◆ **WORK TASK**
An exact reproduction of the data below is expected, free of images.

◆ **PROVIDED DATA**

————————

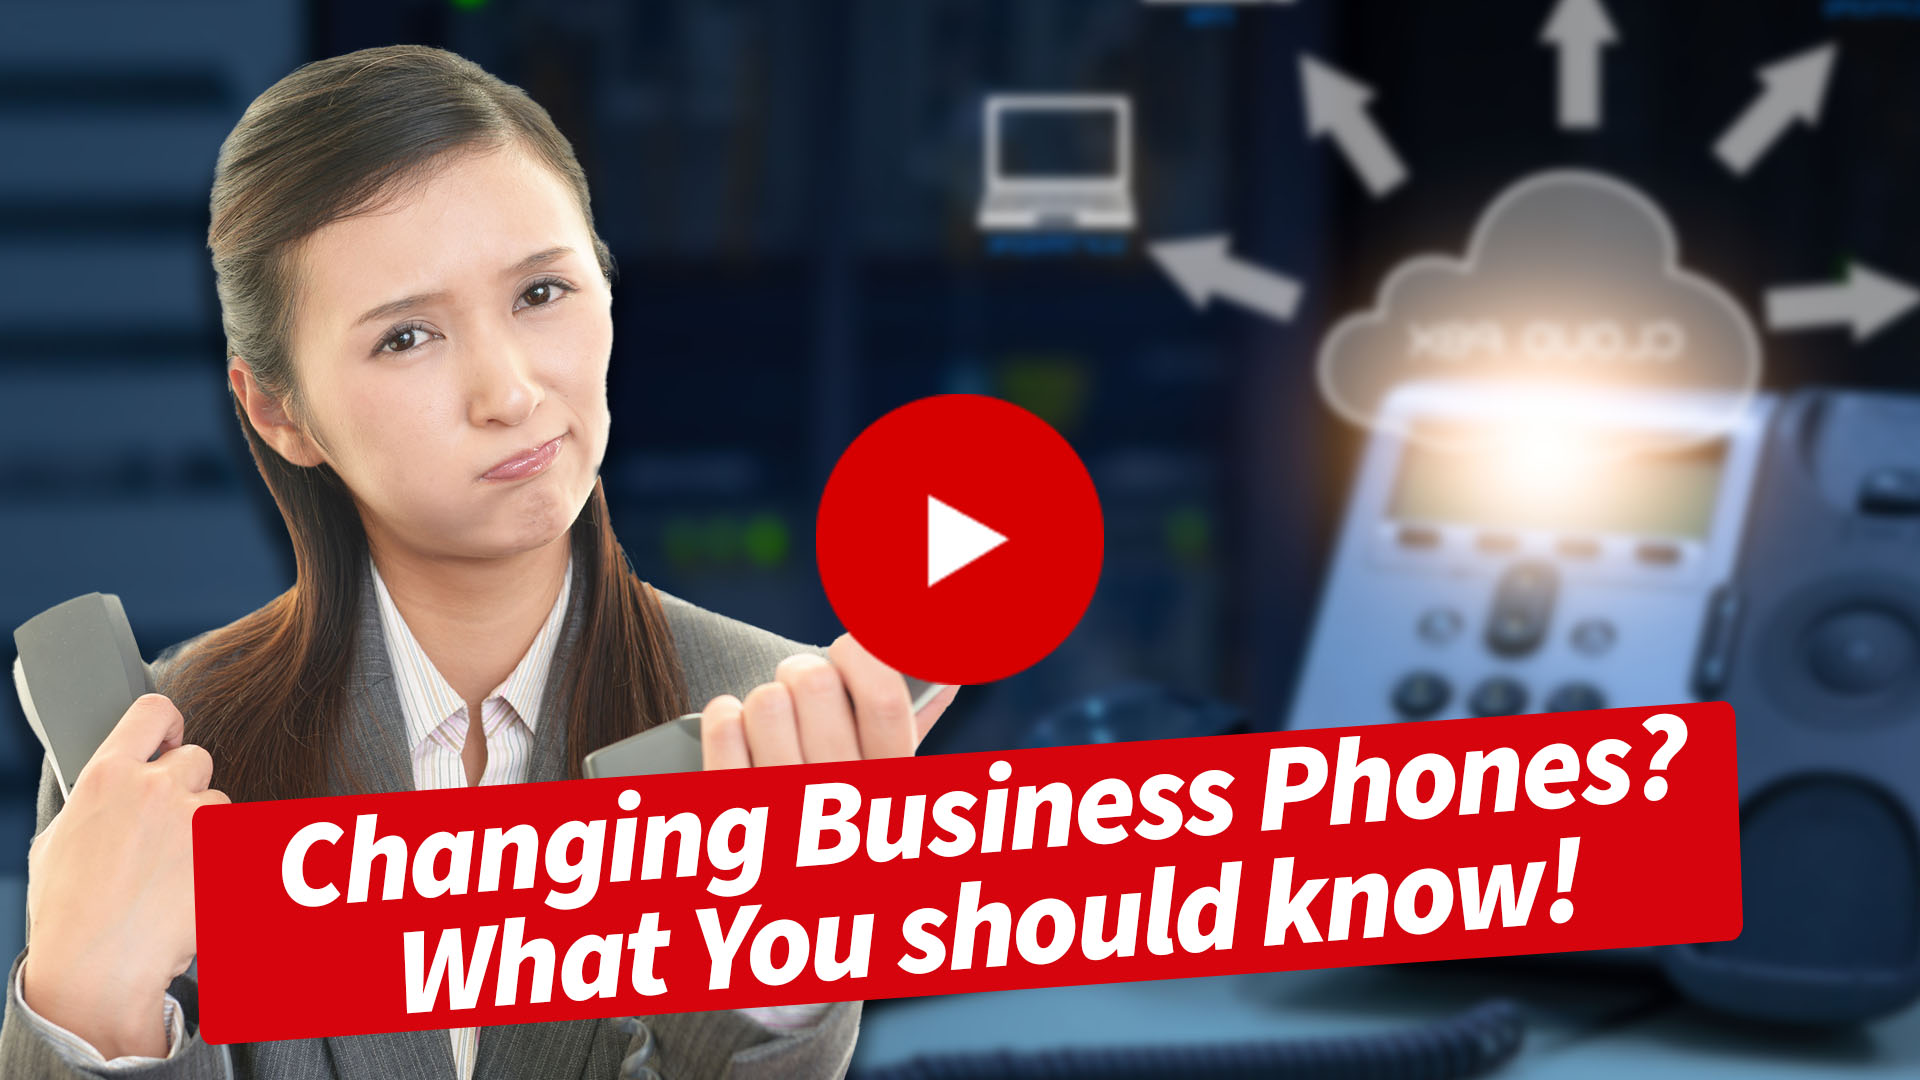 Switching Phone Systems - What You Should Know!
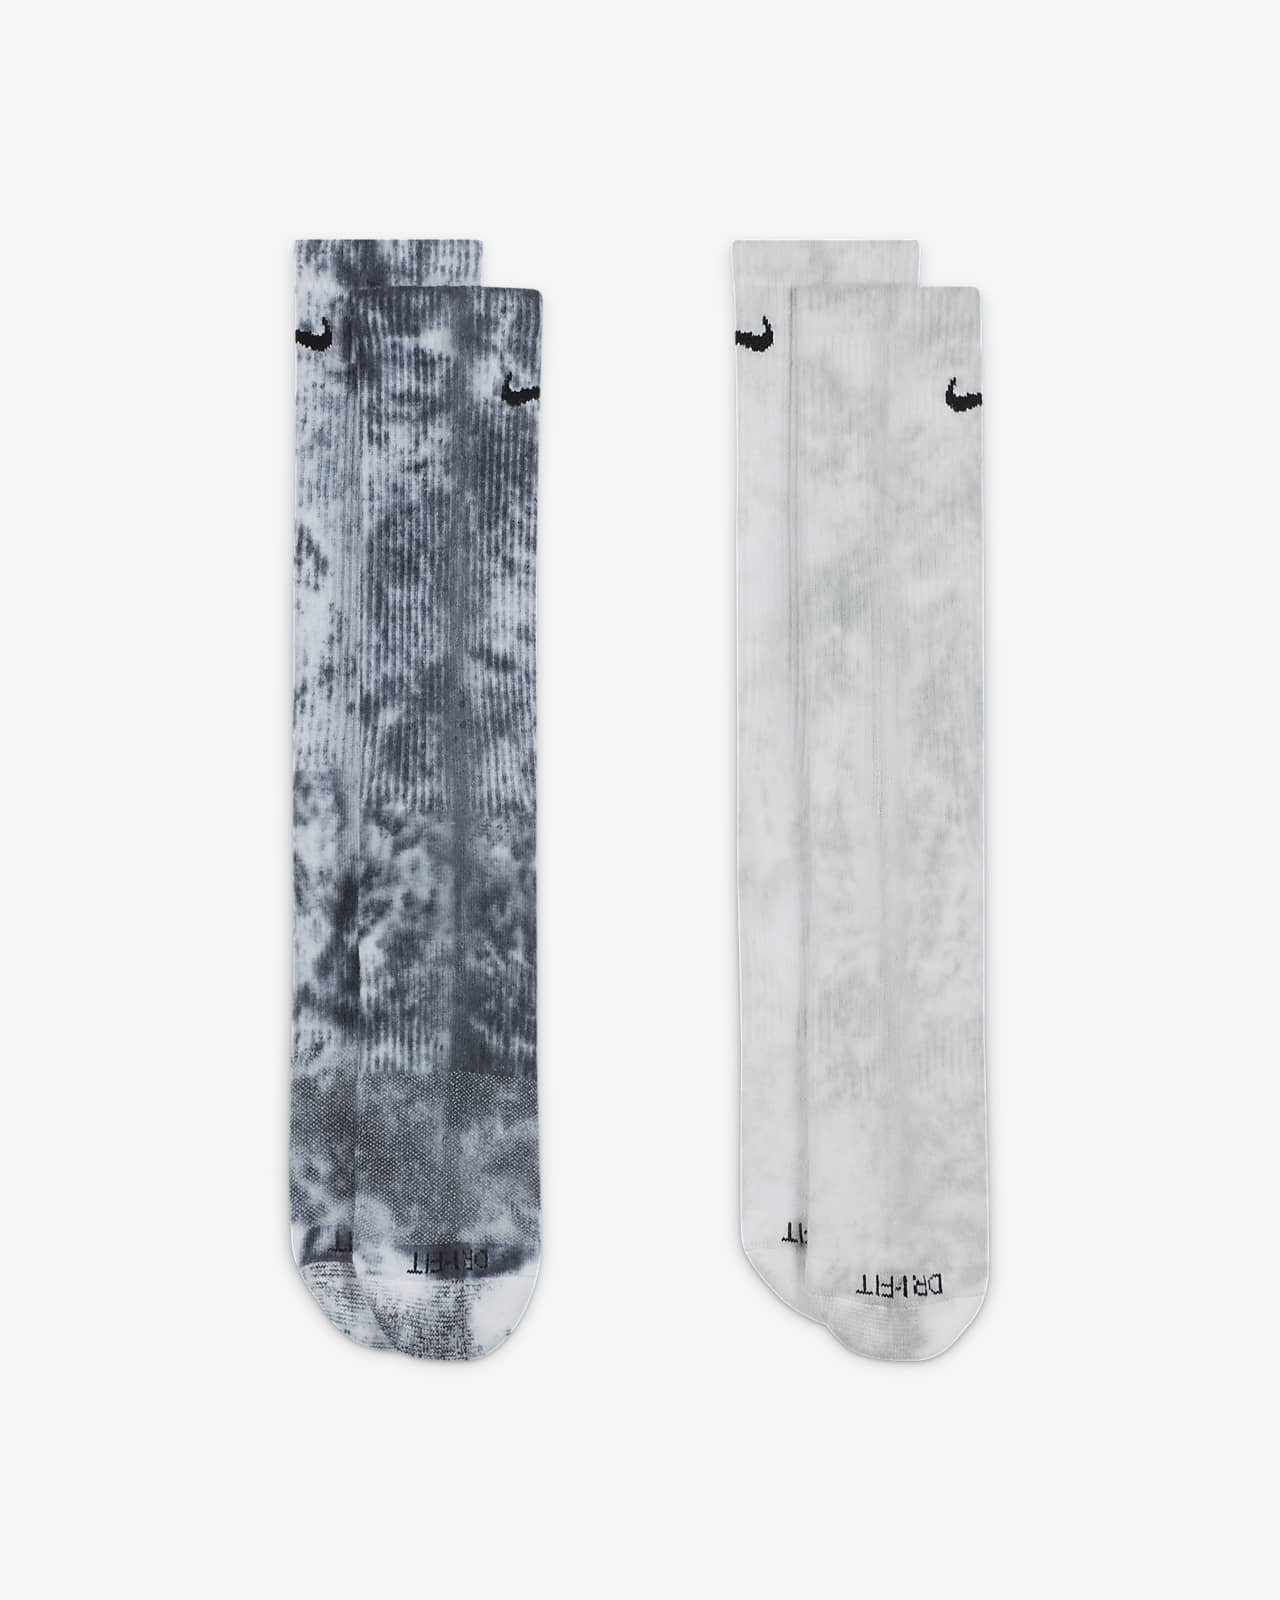 NIKE CHAUSSETTES X2 ANKLE TIE DYE EVERYDAY VERT/MULTICOLORE - CHAUSSETTE  HOMME
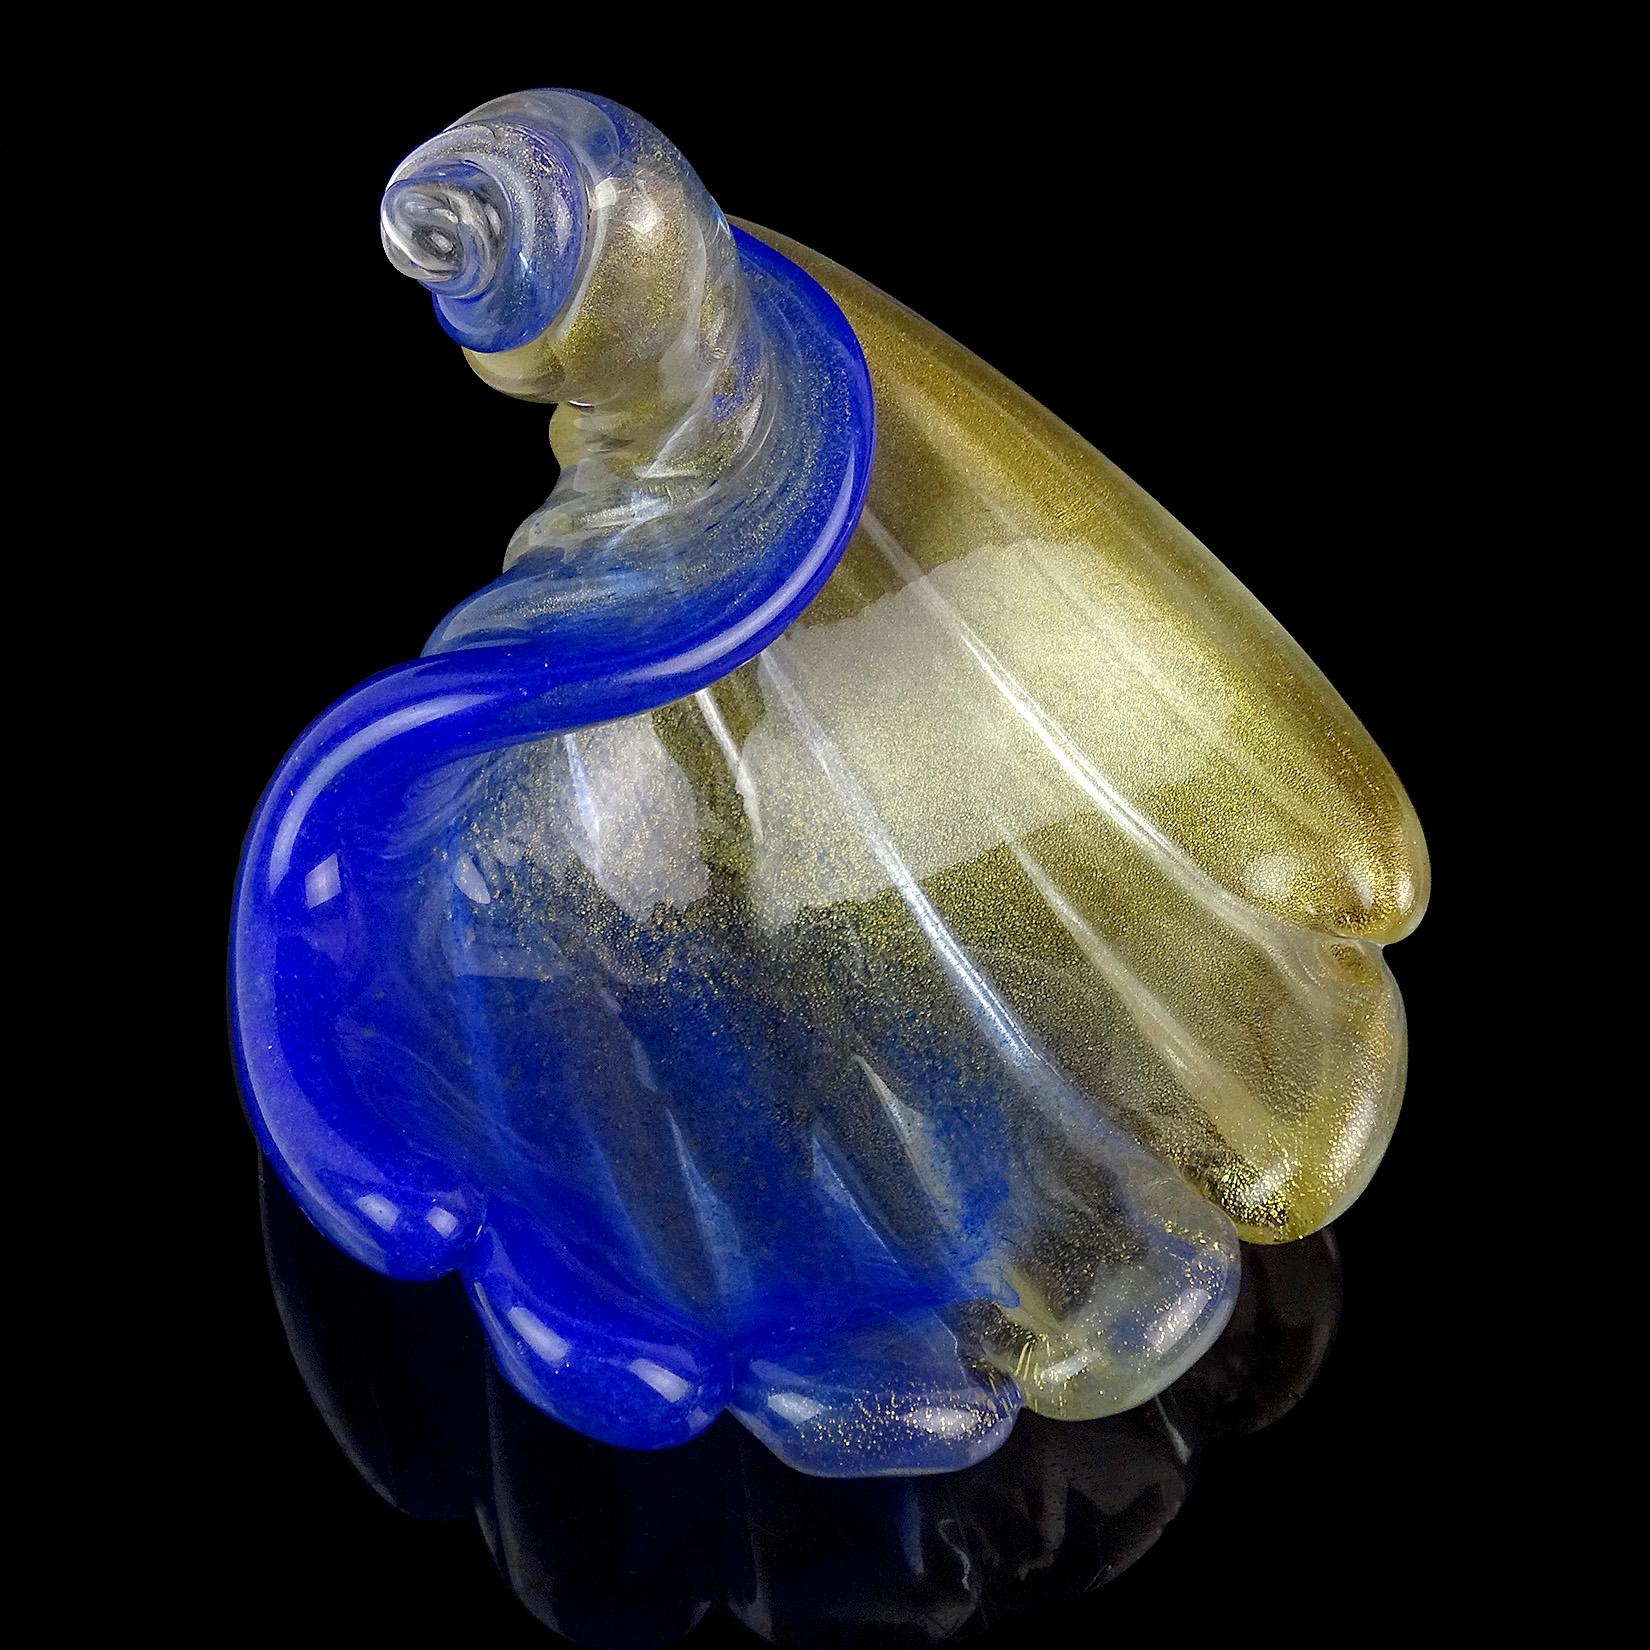 Beautiful vintage Murano hand blown cobalt blue pigments and gold flecks Italian art glass seashell dish, bowl or sculpture. Documented to designer Archimede Seguso. Created in the

————————

◆ **ANSWER**
 Switching Phone Systems - What You Should Know!
 NIKE CHAUSSETTES X2 ANKLE TIE DYE EVERYDAY VERT/MULTICOLORE - CHAUSSETTE  HOMME
 Beautiful vintage Murano hand blown cobalt blue pigments and gold flecks Italian art glass seashell dish, bowl or sculpture. Documented to designer Archimede Seguso. Created in the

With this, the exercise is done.